Excerpts from a dataset:
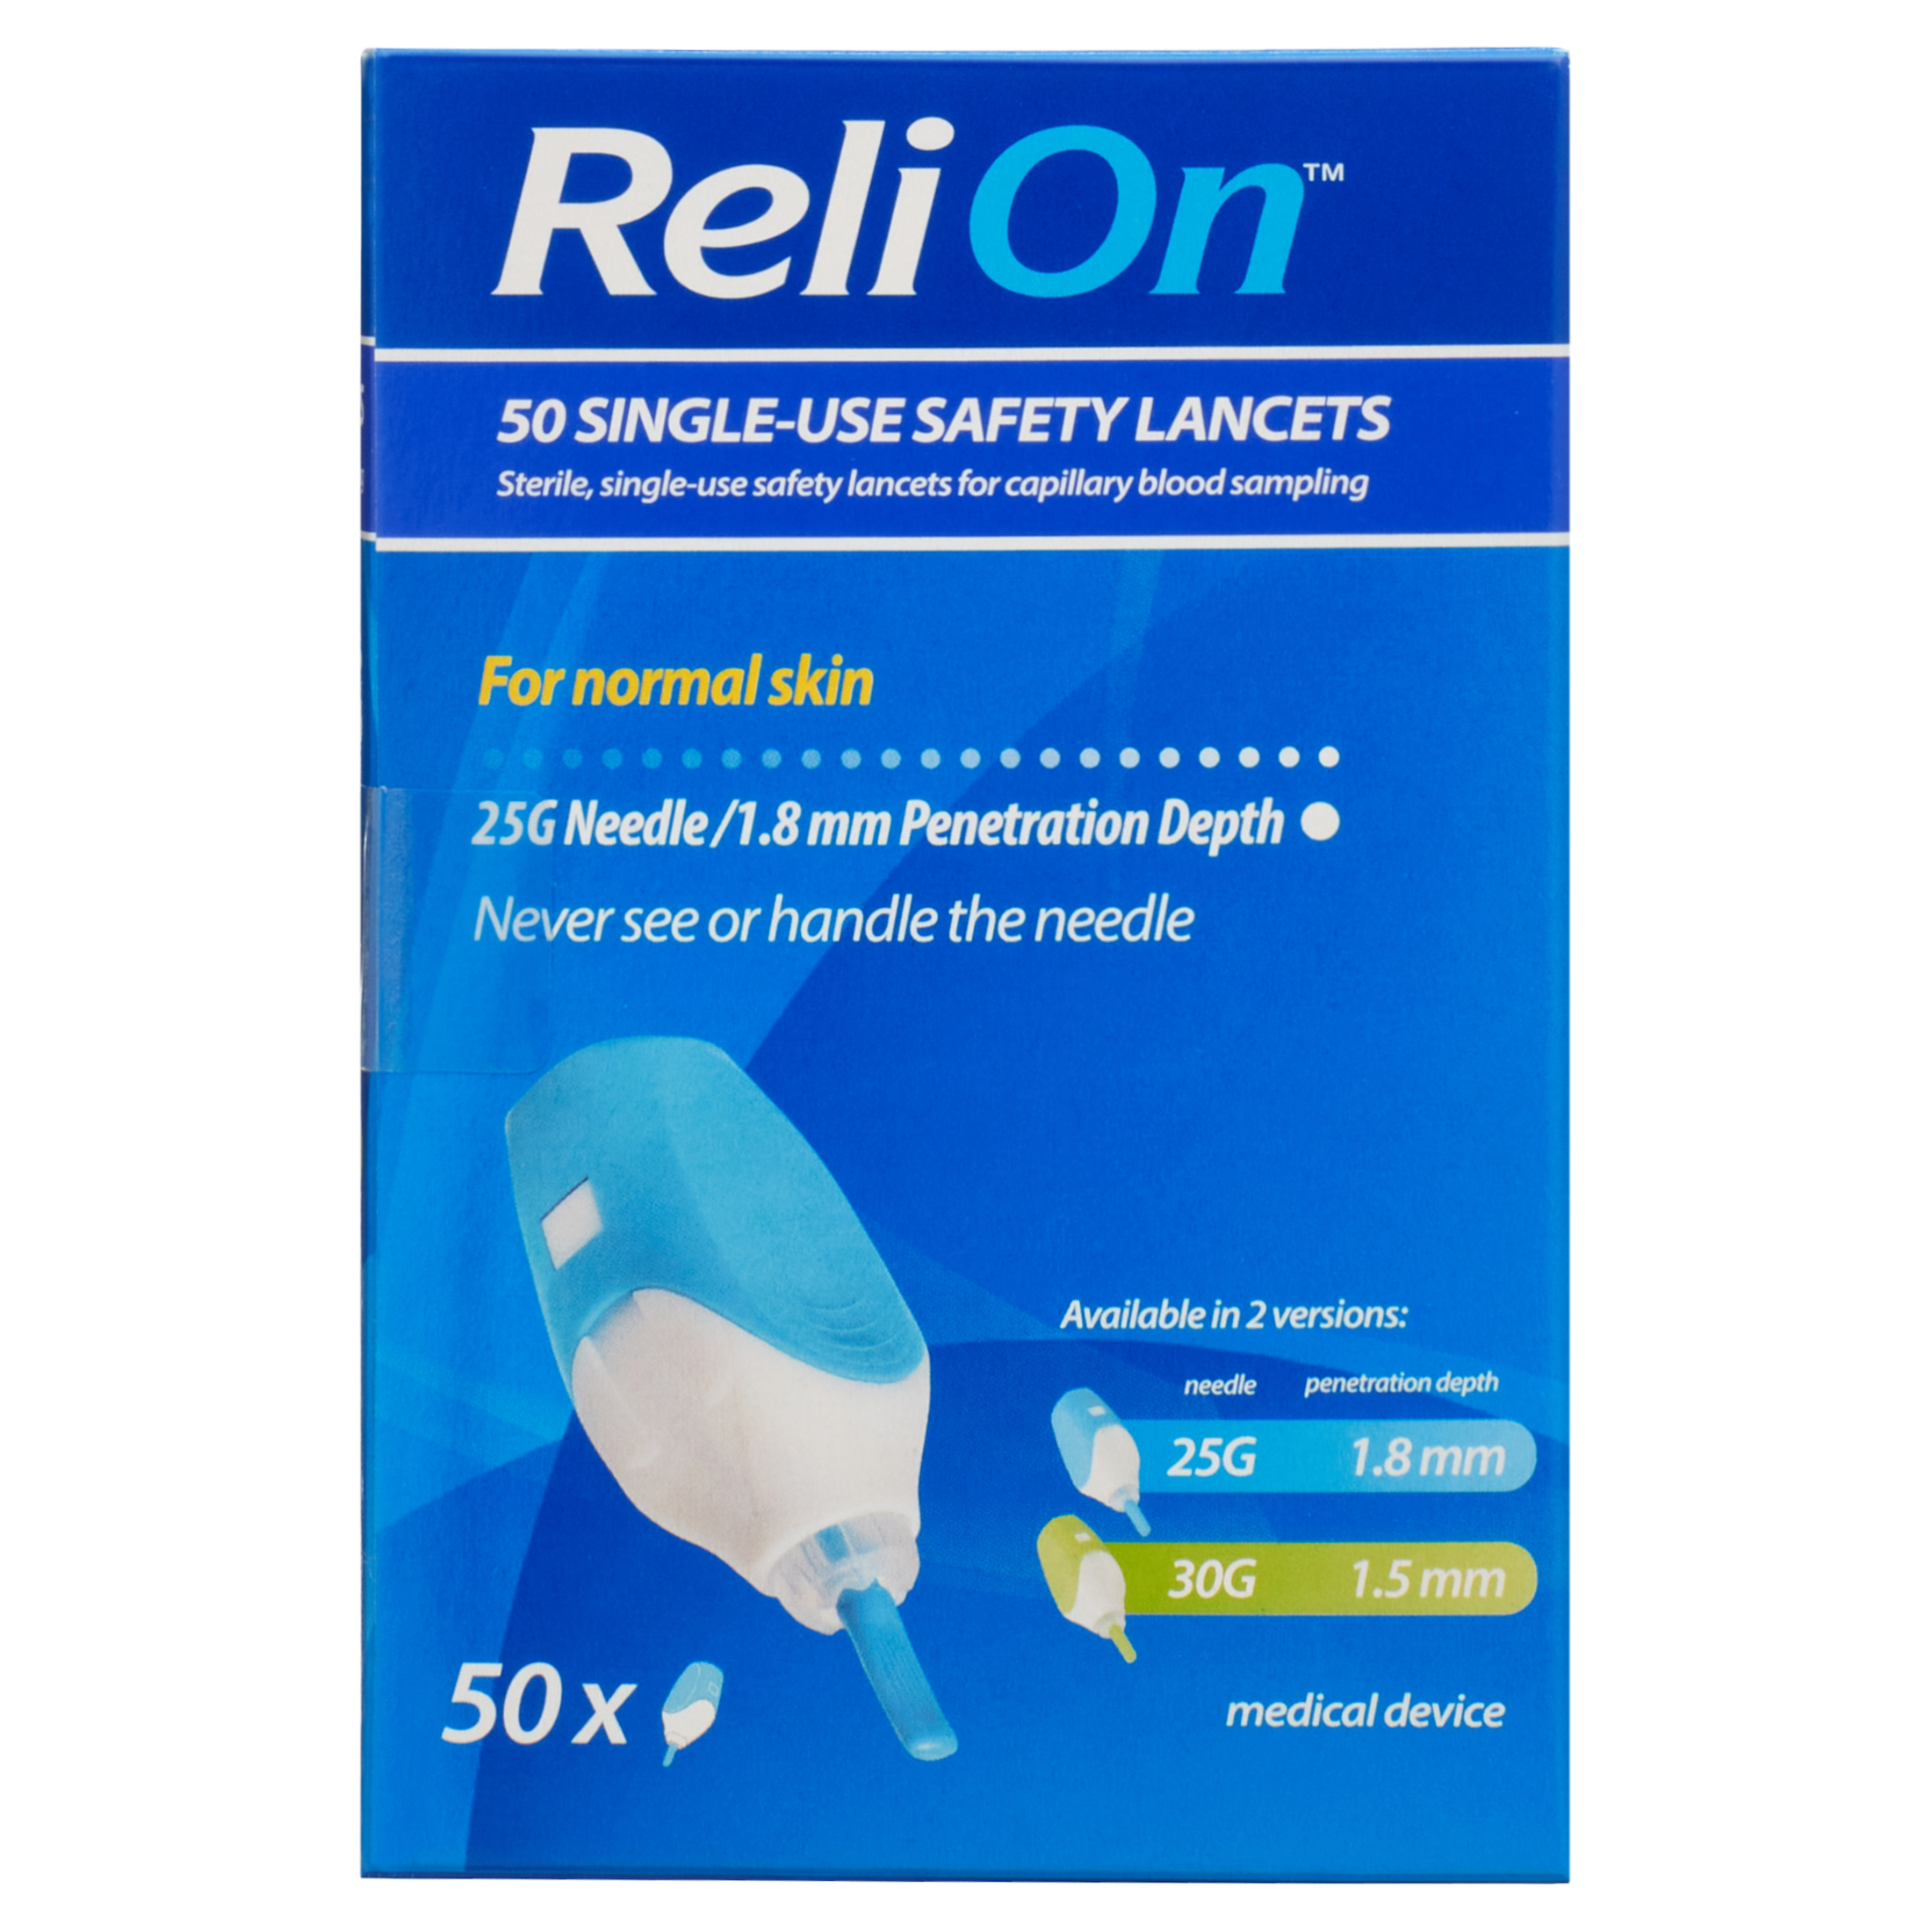 ReliOn Single-Use 2-In-1 Lancing Device for Normal Skin, 25G Needle, 50 Count - image 1 of 8
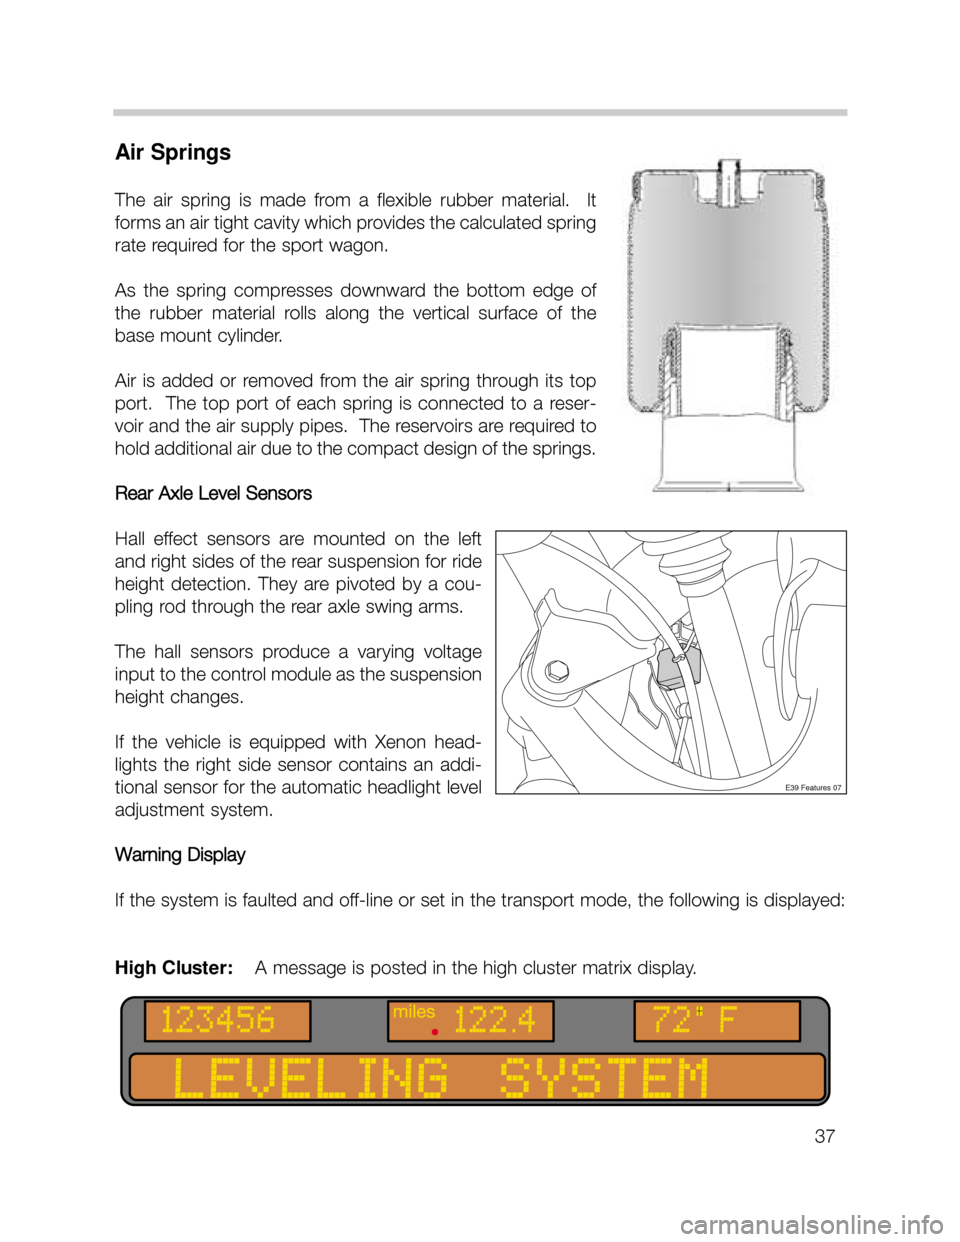 BMW X5 2004 E53 Workshop Manual Air Springs
The  air  spring  is  made  from  a  flexible  rubber  material.    It
forms an air tight cavity which provides the calculated spring
rate required for the sport wagon.
As  the  spring  co

= TASK STATEMENT =
Restate the preceding entries in full, word for word, with the pictures removed.

= SOLUTION TO THE EXERCISE =
 ReliOn Single-Use 2-In-1 Lancing Device for Normal Skin, 25G Needle, 50 Count - image 1 of 8
 BMW X5 2004 E53 Workshop Manual Air Springs
The  air  spring  is  made  from  a  flexible  rubber  material.    It
forms an air tight cavity which provides the calculated spring
rate required for the sport wagon.
As  the  spring  co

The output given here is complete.